If it doesn’t match, the result of “OP2” could be qualified to go into “rfbuf”. However there is an issue arose, which is that when the successful acknowledgement of STR0 is coming, “OP2” should not retire as the same as “OP1” or “OP0”.”OP2” should stay in the “rfbuf” buffer until its leading LSU instruction “LDR0” gets a successful message, in case that “STR1” or “LDR0” has a possibility to bring an abort exception.

It is necessary to give every element of “rfbuf” an order to make them retire gradually. The simplest way is to give every new member of “rfbuf” an order, which means how many elements exist in “mmbuf” when it enters.

STR0	OP0	OP1	STR1	LDR0	OP2	JMP0
1	1	1	2	3	3	3

When “STR0” is waiting for its acknowledgement, “OP0” and “OP1” has its order: 1 and “OP2” has its order 3. If the data memory releases one successful message, the order of every element of “rfbuf” decreases 1 until it reaches 0. If the successful message of “STR0” comes, “OP0” and “OP1” has a new order–0, which means they have an authority to write to the register file and “OP2” has a new order–2. Then that “STR1” retires will make the order of “OP2” become 1. Until the nearest leading LSU instruction “LDR0” retires, “OP2” will have an order 0 to gain the authority to go into the register file.

However, if any of LSU instructions brings an exception, it has to apply a new policy to “rfbuf” that if the order is zero, keep it; if the order is not zero, clean it.

There is an interesting scenario to be present when the following instruction “JMP0” is executed. The instruction “JMP0” will assign PC to a new target address and the target instructions will arrive to the pipeline. If “STR0” is still waiting its response, the target instructions will join the two buffers separately. Each of the two buffer is mixed with new and old instructions. If every elements of the LSU buffer “mmbuf” leaves smoothly, the two buffers will maintain a good order to push newcomers and pop leavers.

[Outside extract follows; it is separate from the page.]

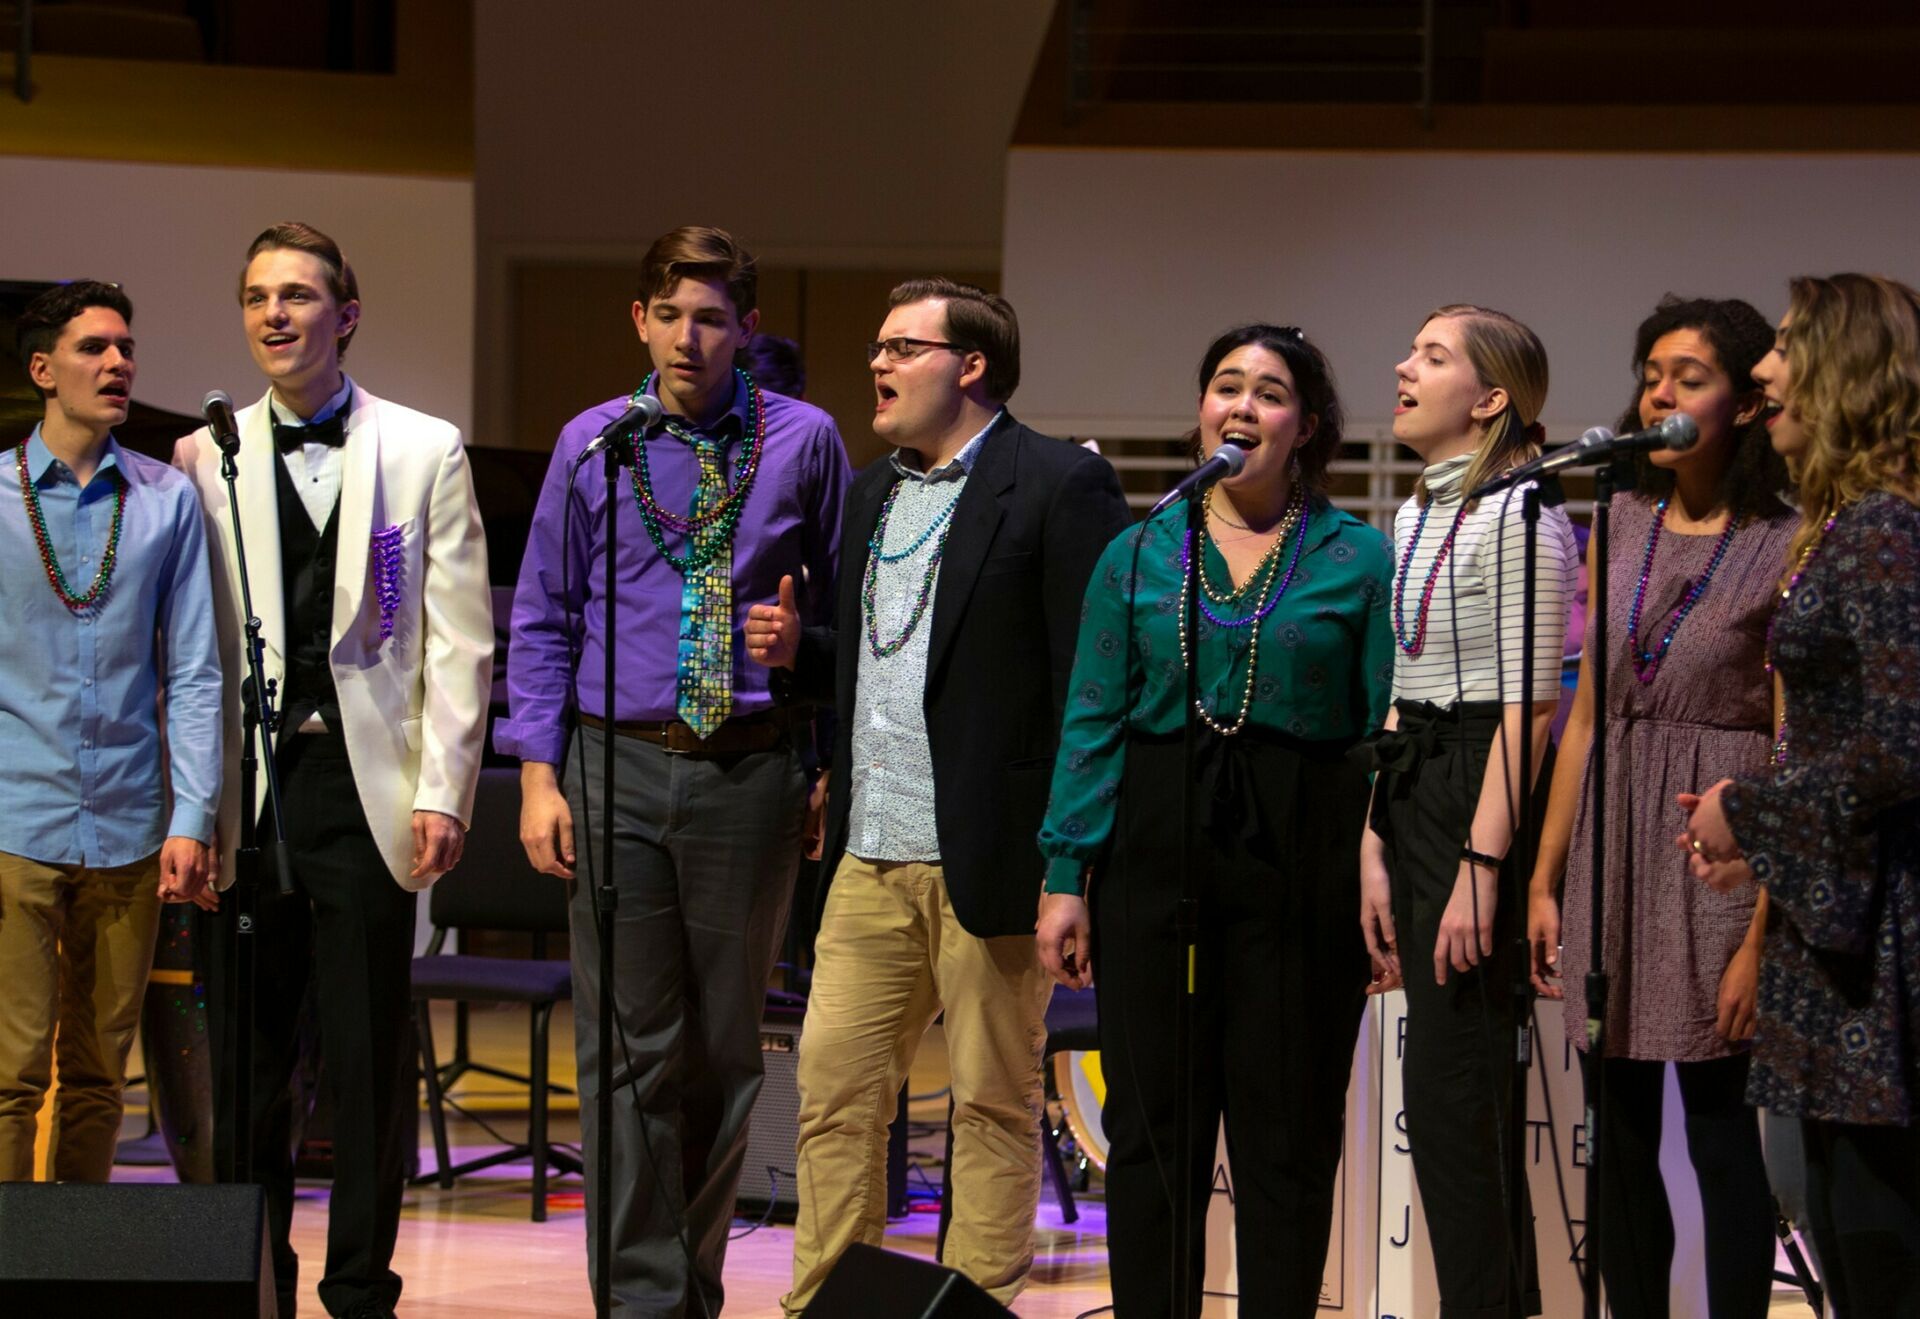 School of Music vocalists performing on stage during the Mardi Gras Jazz Concert at the Recital Hall.
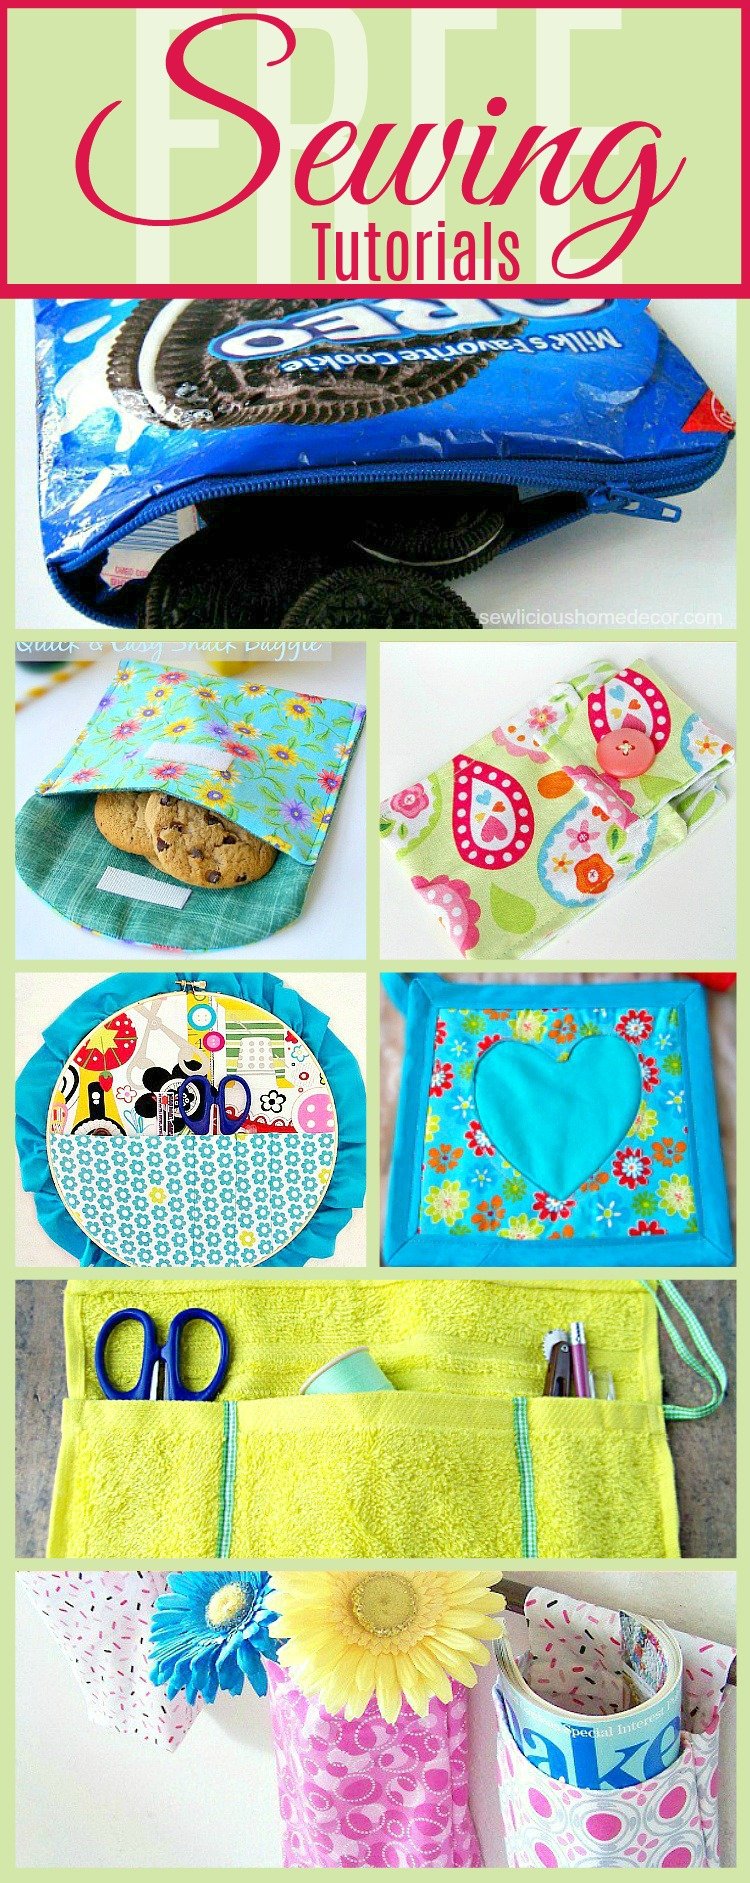 Over 25 Easy Sewing Projects for Beginners or Advanced Sewers

Since there is only one interface to the data memory, the “mmbuf” will pop one element if the data memory gives one successful response. In most of data bus protocols, the request of the successor and the acknowledgement of the leaver could be overlapped in the same cycle. The “rfbuf” buffer could pop multiple elements of the zero order.

The two buffers added are very helpful to accommodate instructions. When the pipeline is stuck by LSU instructions, it could be taken advantage of by issuing the following ones to these two buffers. The next section will discuss how to output more instructions from the 2nd stage.